Stanley Tshosane

Personal information
- Full name: Stanley Hunter Tshosane
- Date of birth: 16 January 1957
- Place of birth: Jackalas 1
- Date of death: 25 April 2025 (aged 68)
- Position: Winger

Senior career*
- Years: Team / Apps / (Gls)
- BDF XI

Managerial career
- 1988: Matebejane
- 1992: Gabane United
- 1993–98: Mogoditshane Fighters
- 1998: Gabane Santos
- 1997: Botswana Under 20 (assistant)
- 1999: BDF XI (assistant)
- 2000: BDF XI
- 2002: Botswana (caretaker)
- 2008: Botswana (caretaker)
- 2008–2013: Botswana

= Stanley Tshosane =

Botswana football manager

Stanley Tshosane (16 January 1957 – 25 April 2025) was a Motswana football manager.

== Career ==
He was appointed to the position of Botswana manager in 2008, following a short spell as caretaker manager. He was sacked in October 2013.
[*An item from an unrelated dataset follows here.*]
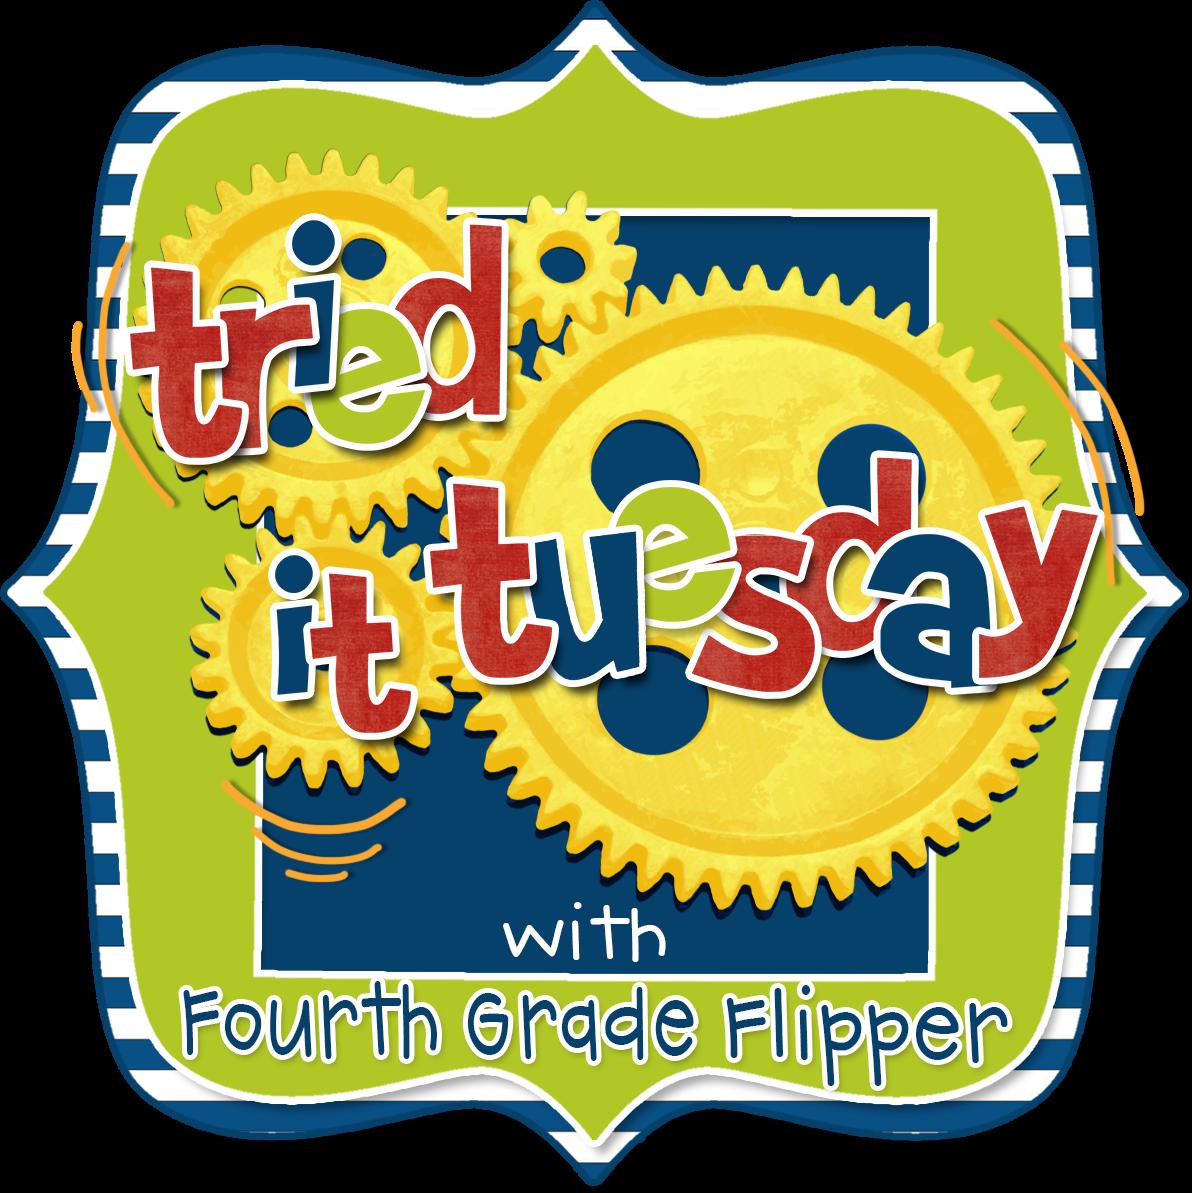 100 book challenge clipart svg free Fourth Grade Flipper: Tried It Tuesday {Book Challenge} svg free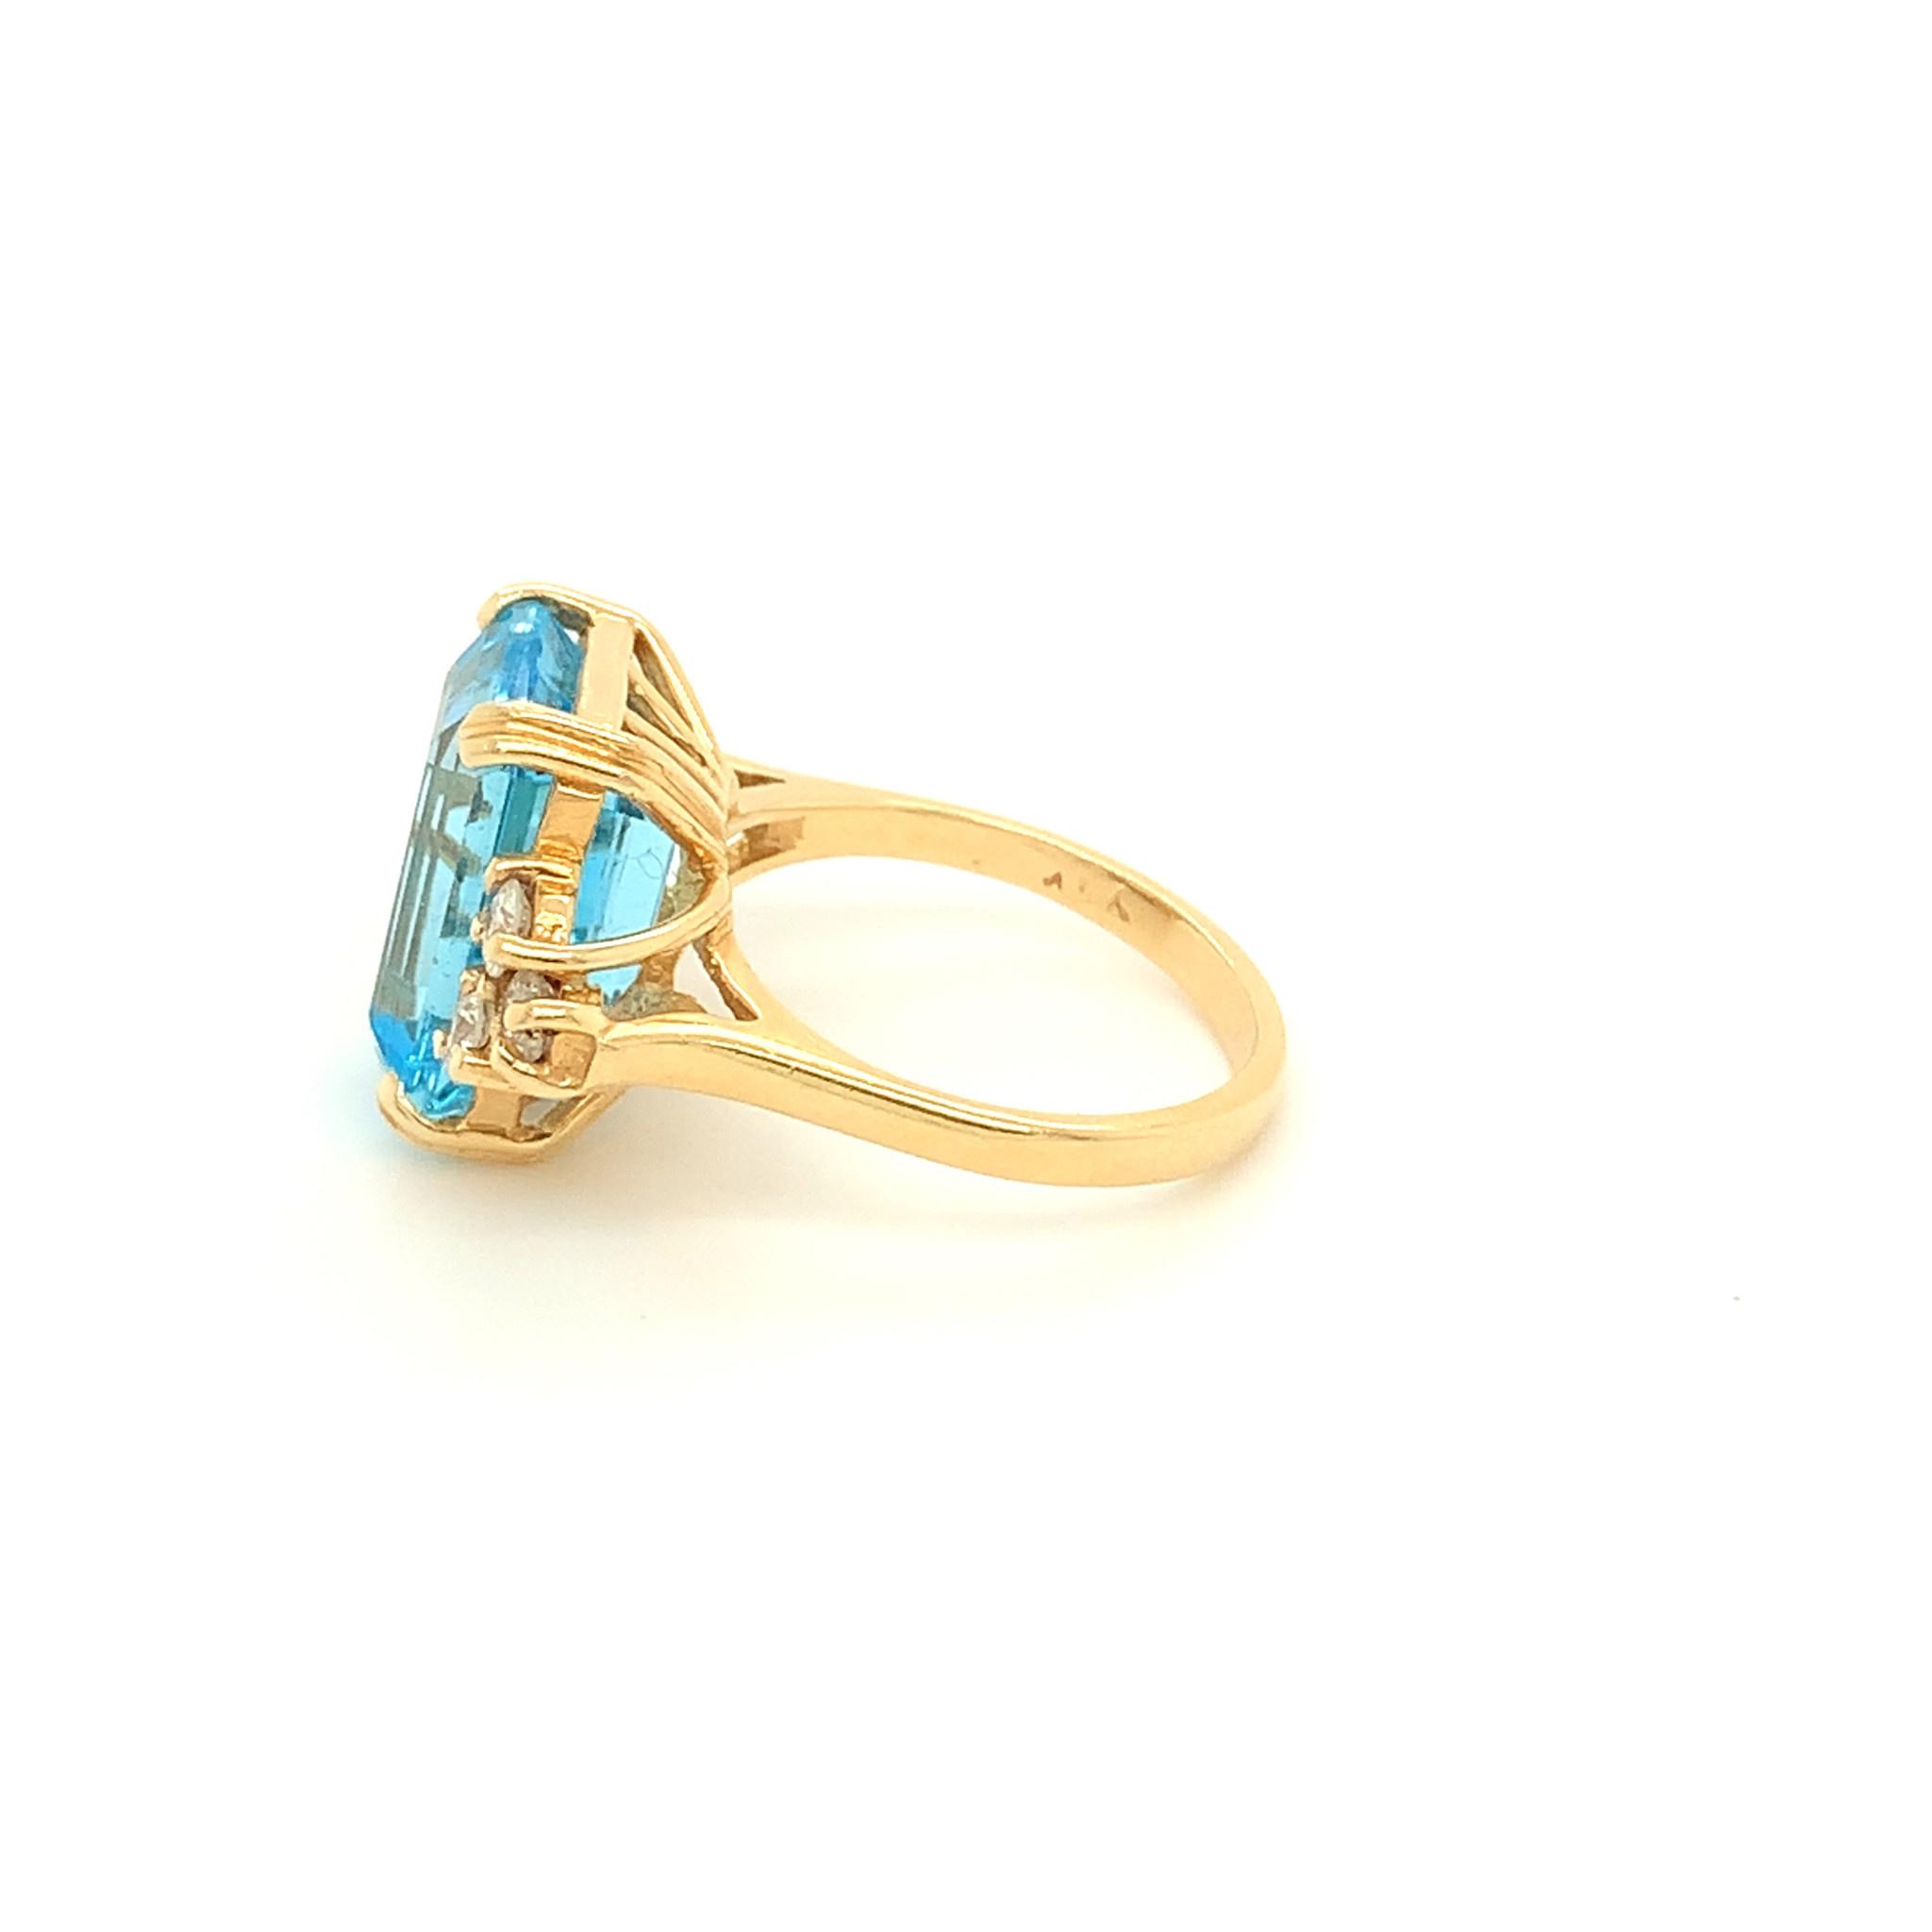 Freedman 9 Carat Blue Topaz & Diamond Ring

Critics suggested he was only offered the job because the Botswana Football Association could not afford to hire a better reputed "name".

Previously he had been assistant to English manager Colwyn Rowe for the national team.

Whilst working as an assistant for the national, he had also been manager of the Botswana Defence Force's football team BDF XI.

As a player, he had also played for BDF XI.

Prior to his spell at BDF XI, he had been the manager of the national team previously in 2002.